Task description:
Copy out each line of the material exactly. Pictures do not belong in the copy.

Data below:
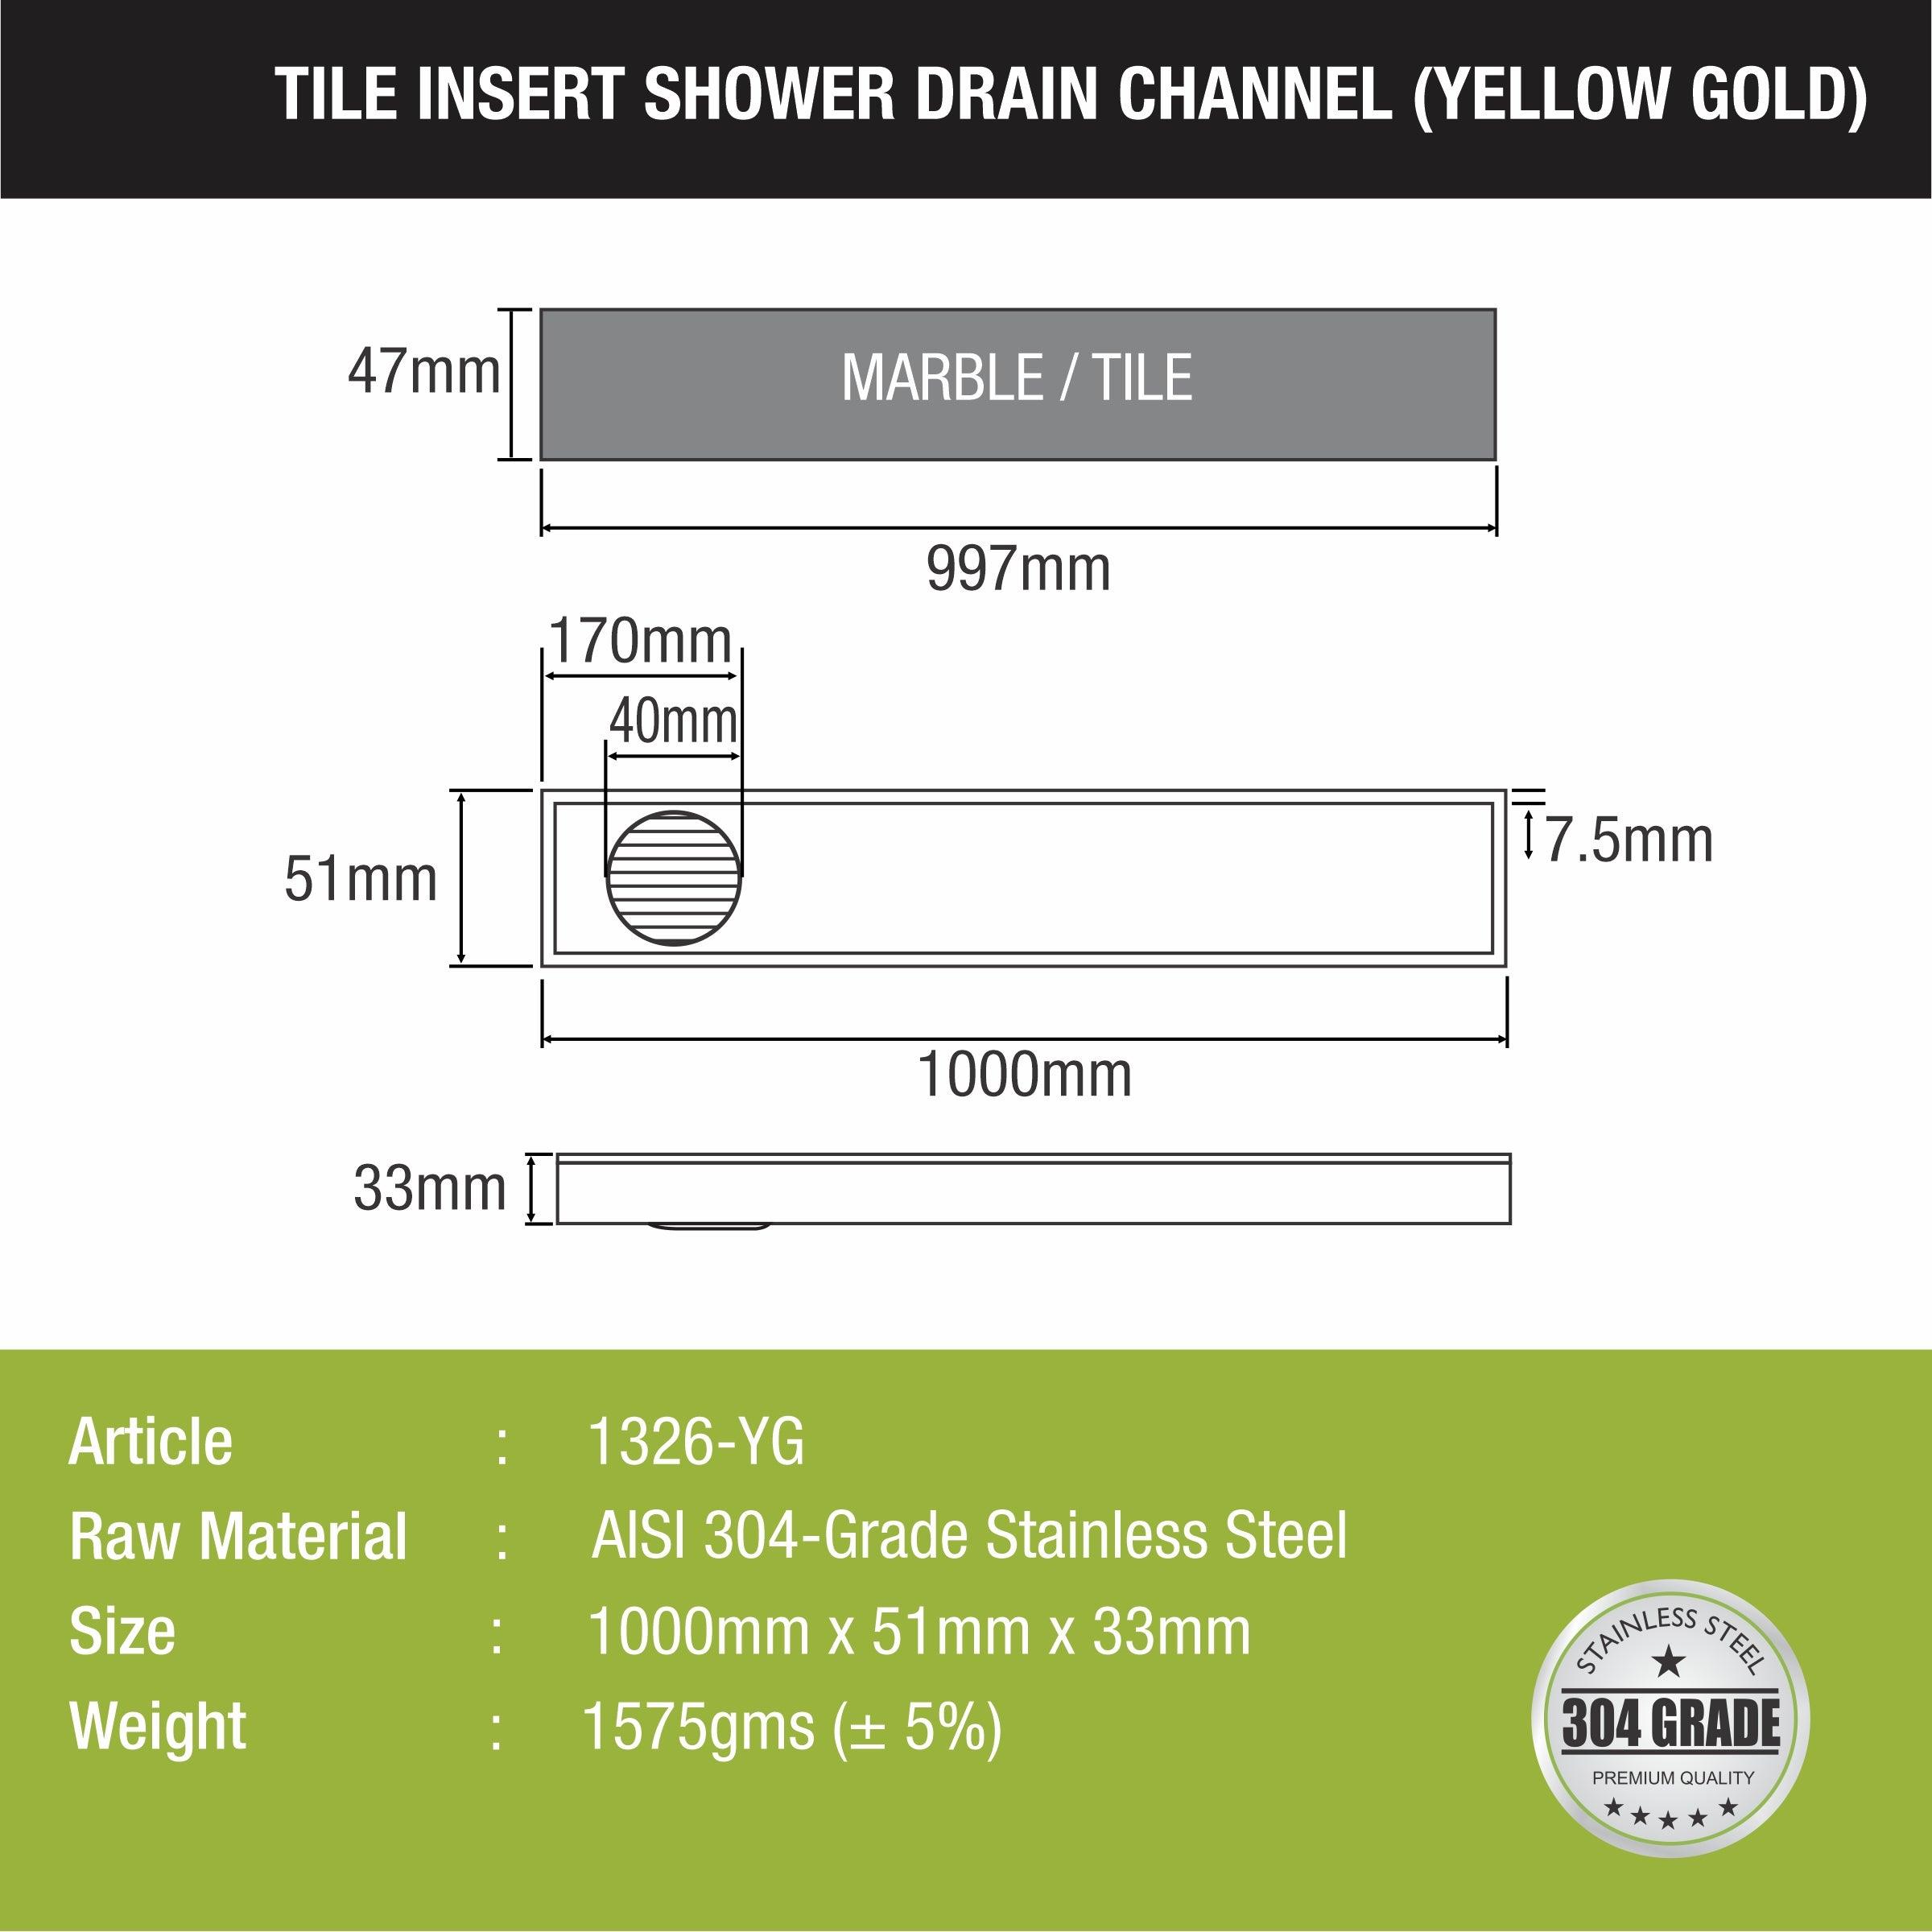 Tile Insert Shower Drain Channel - Yellow Gold (40 x 2 Inches) sizes and dimensions
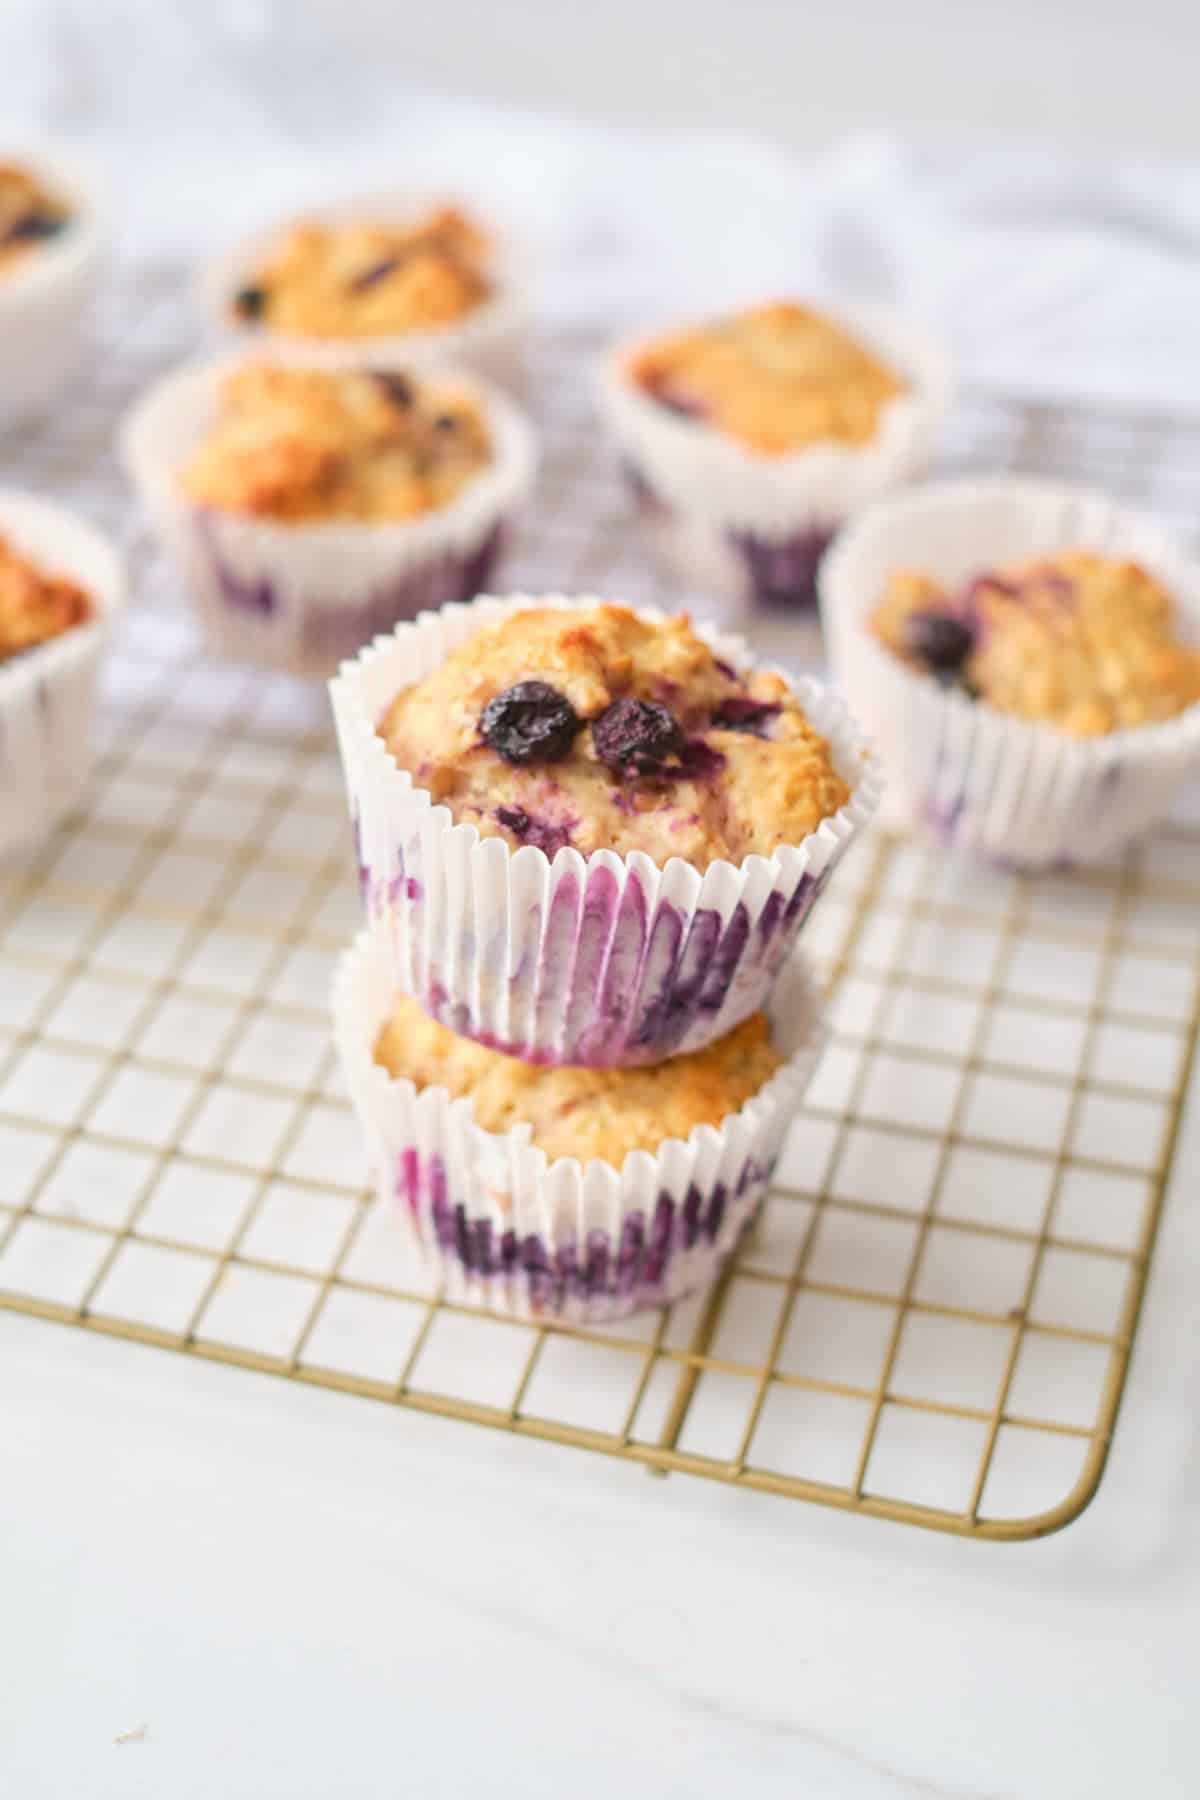 Blueberry oatmeal muffins healthy blueberry desserts
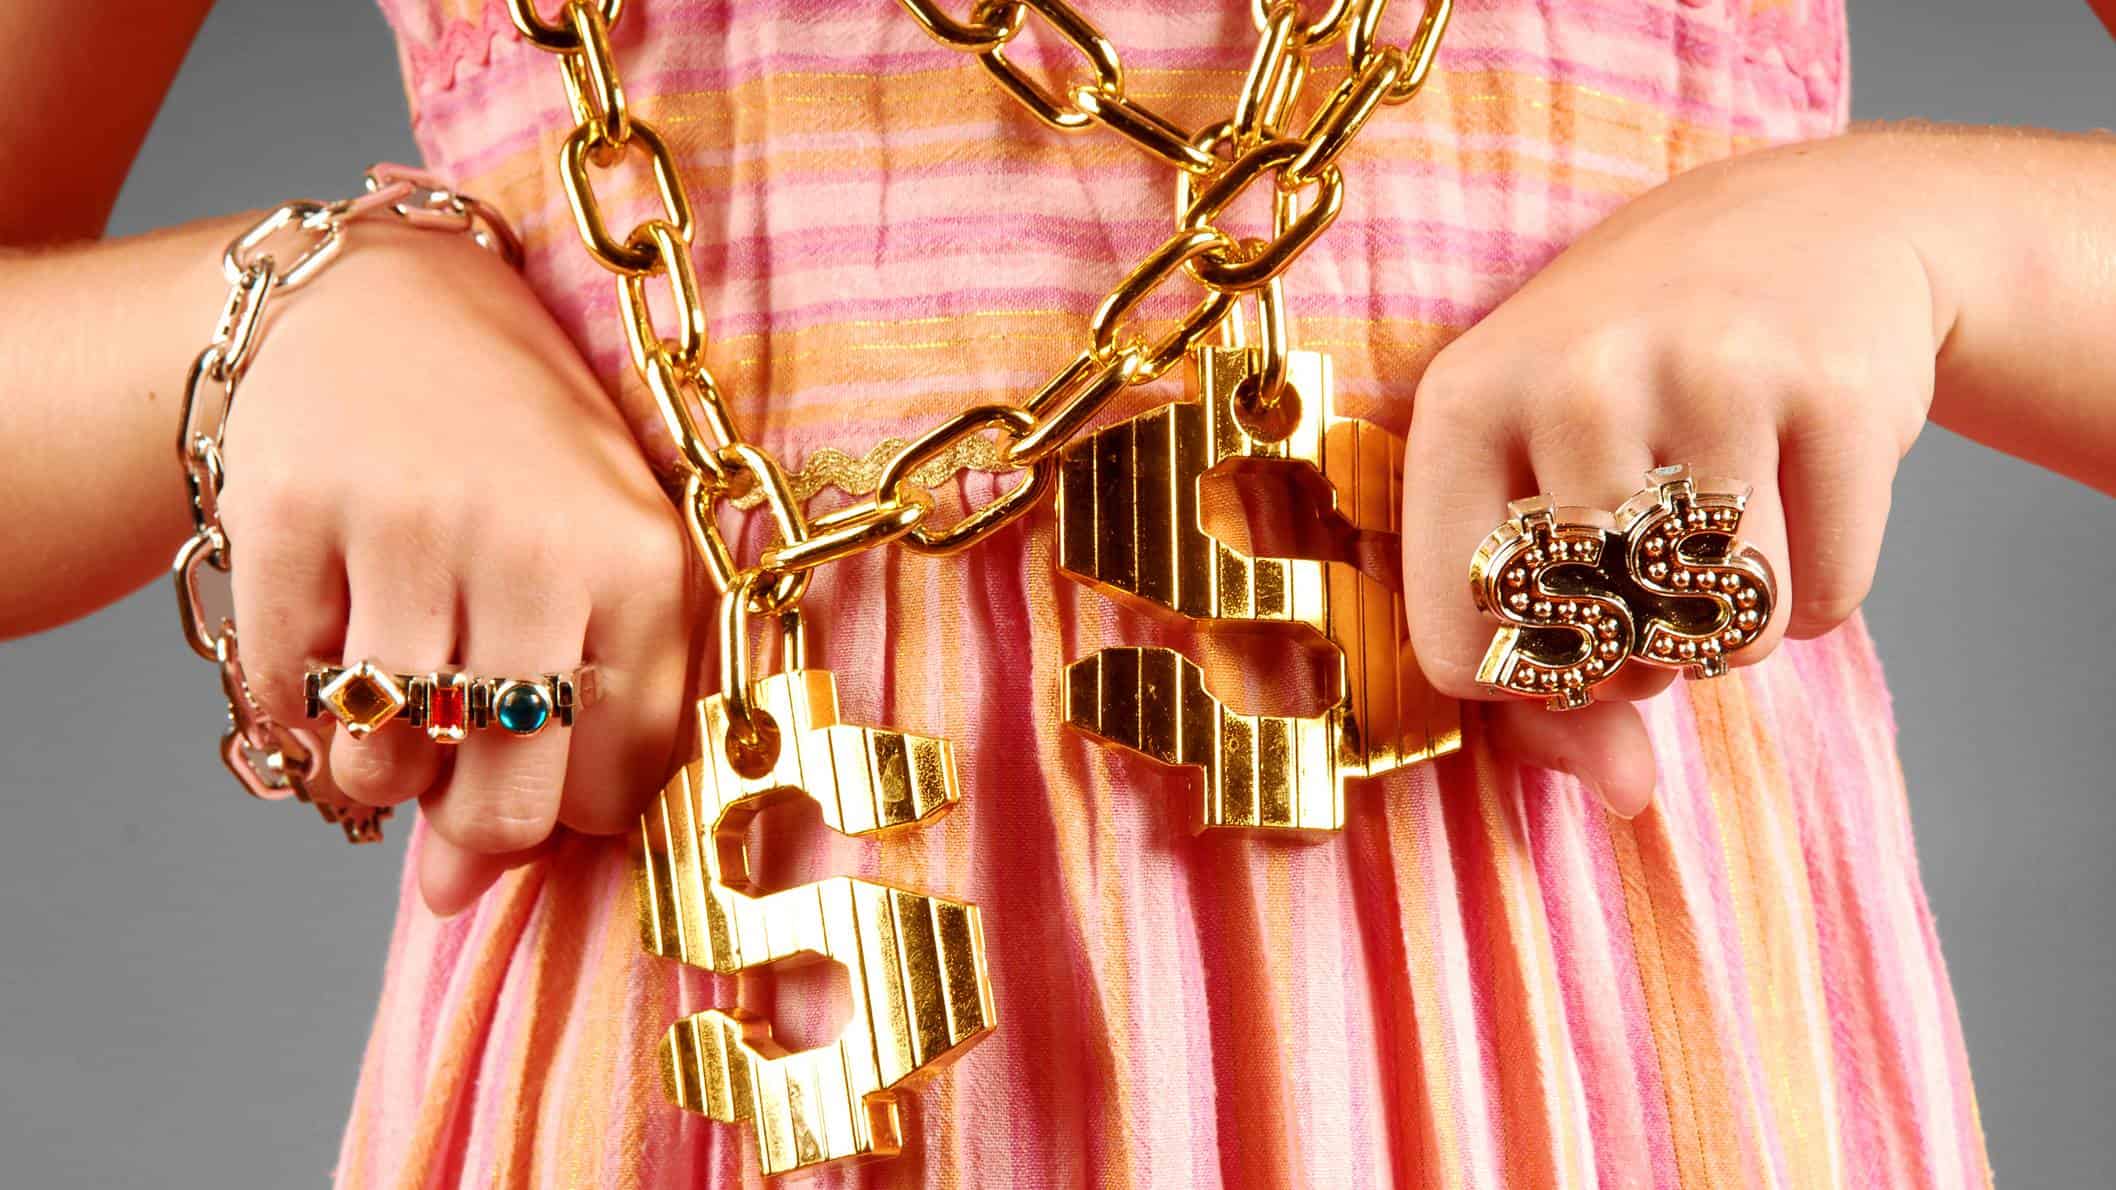 A young woman's hands are shown close up with many blingy gold rings on her fingers and two large gold chains around her neck with dollar signs on them representing the soaring Lovisa share price today

Solution to this exercise:
 Tile Insert Shower Drain Channel - Yellow Gold (40 x 2 Inches) sizes and dimensions
 Blueberry oatmeal muffins healthy blueberry desserts
 A young woman's hands are shown close up with many blingy gold rings on her fingers and two large gold chains around her neck with dollar signs on them representing the soaring Lovisa share price today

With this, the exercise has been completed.